Despite media focus and many CBD pet products on the market, CBD does not meet any regulatory criteria for use as an ingredient in pet foods or treats.

(kostrez | Bigstock.com)
(kostrez | Bigstock.com)

Considering the numerous articles of late appearing in the veterinary, consumer and trade press, as well as the open availability of products in retail outlets and online, one could easily surmise that CBD (cannabidiol) and other hemp-derived ingredients are perfectly acceptable in pet foods and treats in the US. I receive inquiries on a weekly basis from current or prospective clients wishing to enter this market. However, in light of information provided at a recent webinar, as well as an even more recent announcement of enforcement actions taken by the Food and Drug Administration (FDA), this presumption of acceptability is premature.

The American Pet Products Association (APPA) hosted a webinar in mid-November 2019 entitled “CBD and Pet Products: Regulatory Update”. Presenters (in addition to myself) were Bill Bookout, president of the National Animal Supplement Council (NASC), and John Fuson of the law firm Crowell & Moring. Bottom line, the webinar posed this question: Is CBD allowed in pet foods/treats? The short answer is no.

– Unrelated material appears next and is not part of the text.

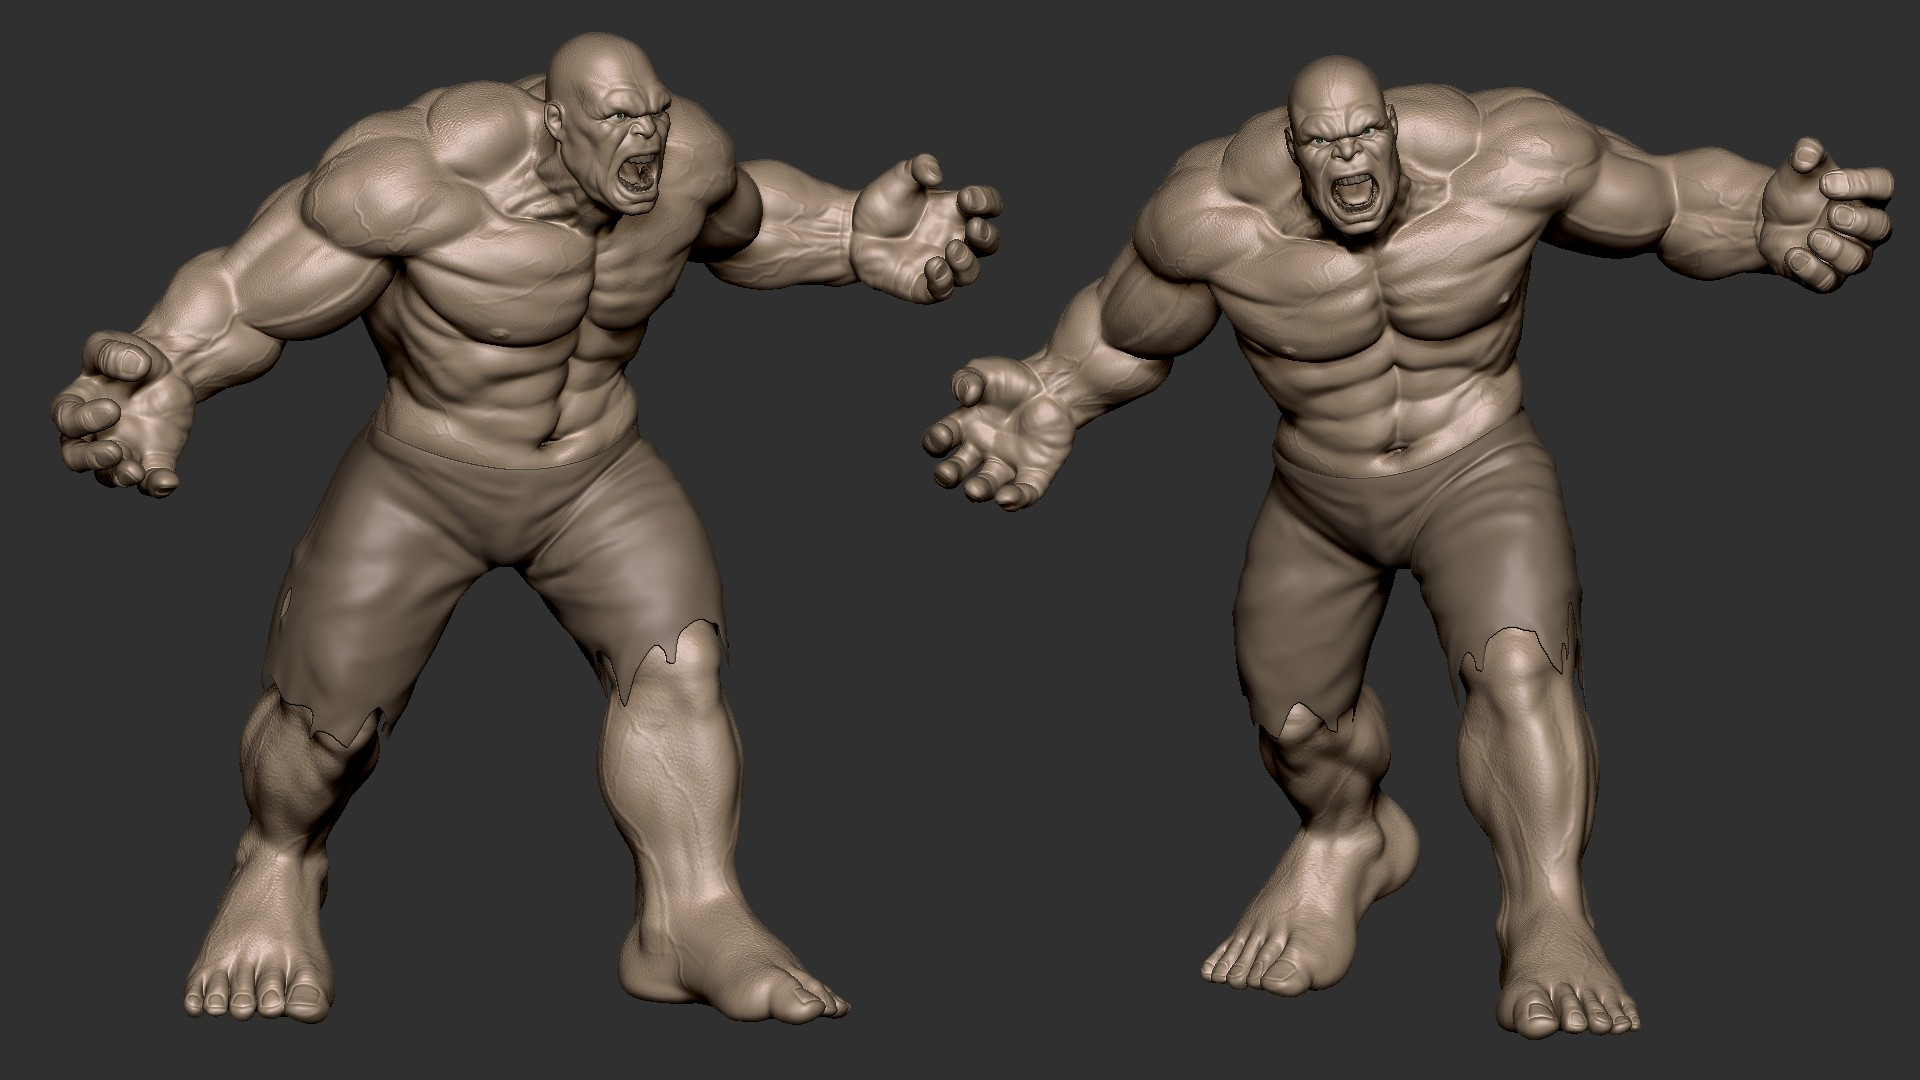 Euen Tan The Incredible Hulk

CBD does not meet any regulatory criteria for pet foods

Under federal law, all ingredients in a food (which includes all form of animal feed) must be approved by FDA as a food additive unless it is generally recognized as safe (GRAS) for its intended use. That would include many items that are not expressly GRAS but are universally understood to be foods. For animal feeds, there is an additional albeit informal means of establishing acceptability through the Association of American Feed Control Officials (AAFCO) Feed ingredient Definition process.

Simply put, CBD does not meet any of the above criteria. Thus, a pet food containing an unapproved food additive such as CBD would be subject to enforcement action as an adulterated food (or, depending on associated claims, an adulterated drug). There may be some hemp-derived ingredients already in the regulatory pipeline (e.g., via an AAFCO definition or GRAS notification), so something like hemp oil or meal may be available for inclusion in pet products soon. There are similar ingredients already allowed for use in foods for human consumption. Importantly, though, none of the proposed animal feed ingredients are anticipated to contain appreciable levels of CBD.

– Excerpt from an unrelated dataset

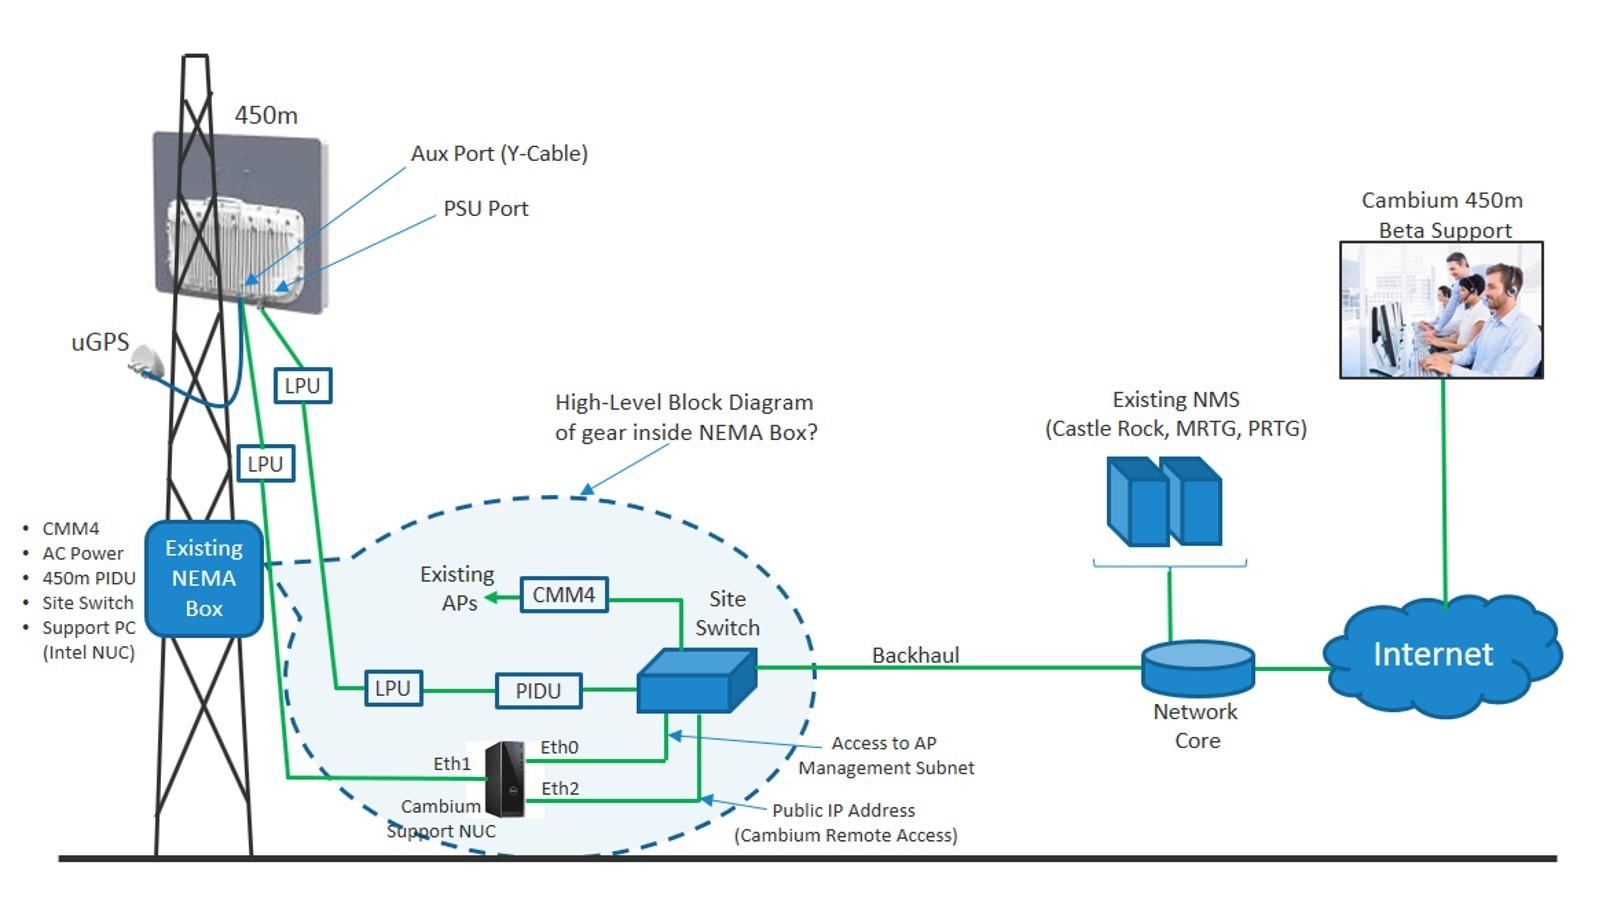 hight resolution of wisp wireless broadband applications

What about the 2018 US Farm Bill; didn't that legalize CBD? Not totally. As discussed in detail in the February 2019 issue of Petfood Industry, what the amendment to the Controlled Substances Act did is to remove the Drug Enforcement Administration’s authority to regulate hemp and its derivatives as Schedule 1 drugs, provided that the material contains less than 0.3% THC (9-tetrahydrocannabinol). At first blush, that would appear to exclude CBD from regulatory oversight. However, that change in the law does not impact the Federal Food, Drug and Cosmetic Act as enforced by FDA, nor the equivalent laws as enforced by state feed control officials. On the contrary, these agencies can still impose the same requirements on hemp as they do for any other feed ingredient. In fact, to circumvent that process would be patently unfair to those manufacturers of other ingredients that followed the rules.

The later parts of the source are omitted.